Sunday, July 31, 2011

Facebook implementation into android

There has been a lot of tutorials about social sites and its implementations into Android. Most of these tutorials are very well written and fairly simple. Facebook in particular came up with a brilliantly yet easy to implement sdk and the documentation that comes with it is also good.

About six months ago, i was working on an application that needed me to implement FB, and while doing so i came up with a strange problem. My facebook login dialog disappeared soon after loading. After banging my head for some time and goggling i came across something called an SSO in facebook. 



This mainly happens because there are more than one facebook implementation in your phone. i mean you might have the usual FB application in which you have already signed in, and one you are presently working on.

According to FB "one of the most compelling features of the Android SDK is Single-Sign-On (SSO). SSO lets users sign into your app using their Facebook identity. If they are already signed into the Facebook Android app on their device they do not have to even type a username and password. Further, because they are signing to your app with their Facebook identity, you will have access to their profile information and social graph."


Since you have already signed in the FB application, when you try to implement FB in your application the SSO feature would sign you in straightaway and therefore the login dialog box disappear almost immediately after it first appears.
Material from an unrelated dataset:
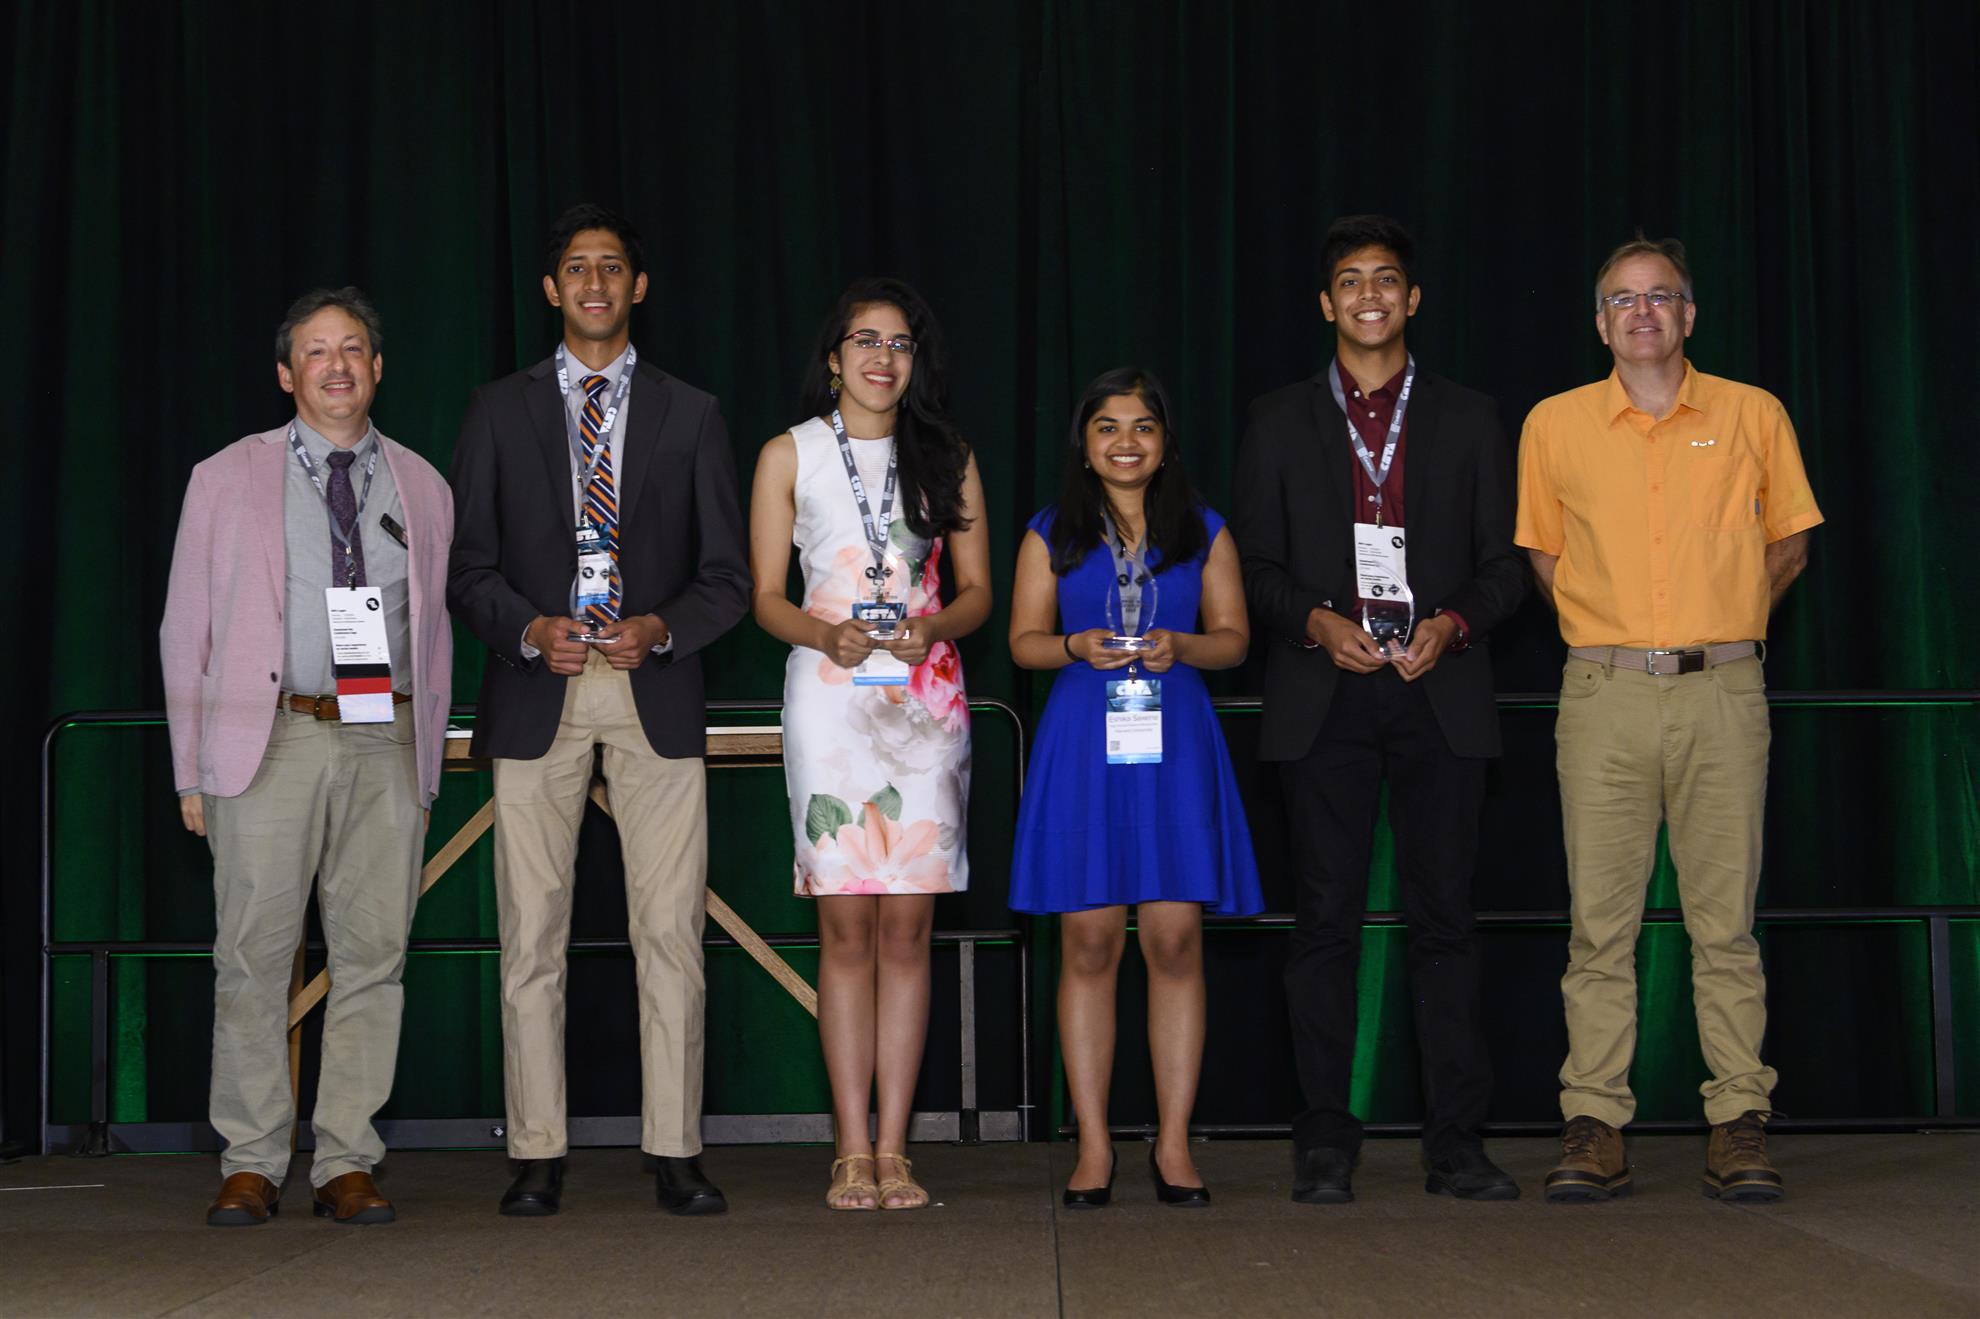 2019 Cutler-Bell Prize Winners

There are however ways in which you can FB that this is a different application and you need me to ask to sign in again.


1.  by forcing the login dialog rather than SSO by passing FORCE_DIALOG_AUTH in the authorize methods in Facebook.java.


2. This method is quite complicated and involves a lot of steps. there is a brilliant blog dealing with this method therefore i might as well save myself some time and provide a link to this bolg. http://sean.lyn.ch/2011/07/android-the-facebook-sdk-sso-and-you/

3. The third way is very simple and effective. It tackles the problem stated in step 2, but in a very easy way. Just replace the package name "com.facebook.katana" to your own application package name in the file Facebook.java. Also replace the class name "com.facebook.katana.ProxyAuth" to "your-package-name.ProxyAuth" and see for yourself if you are good to go.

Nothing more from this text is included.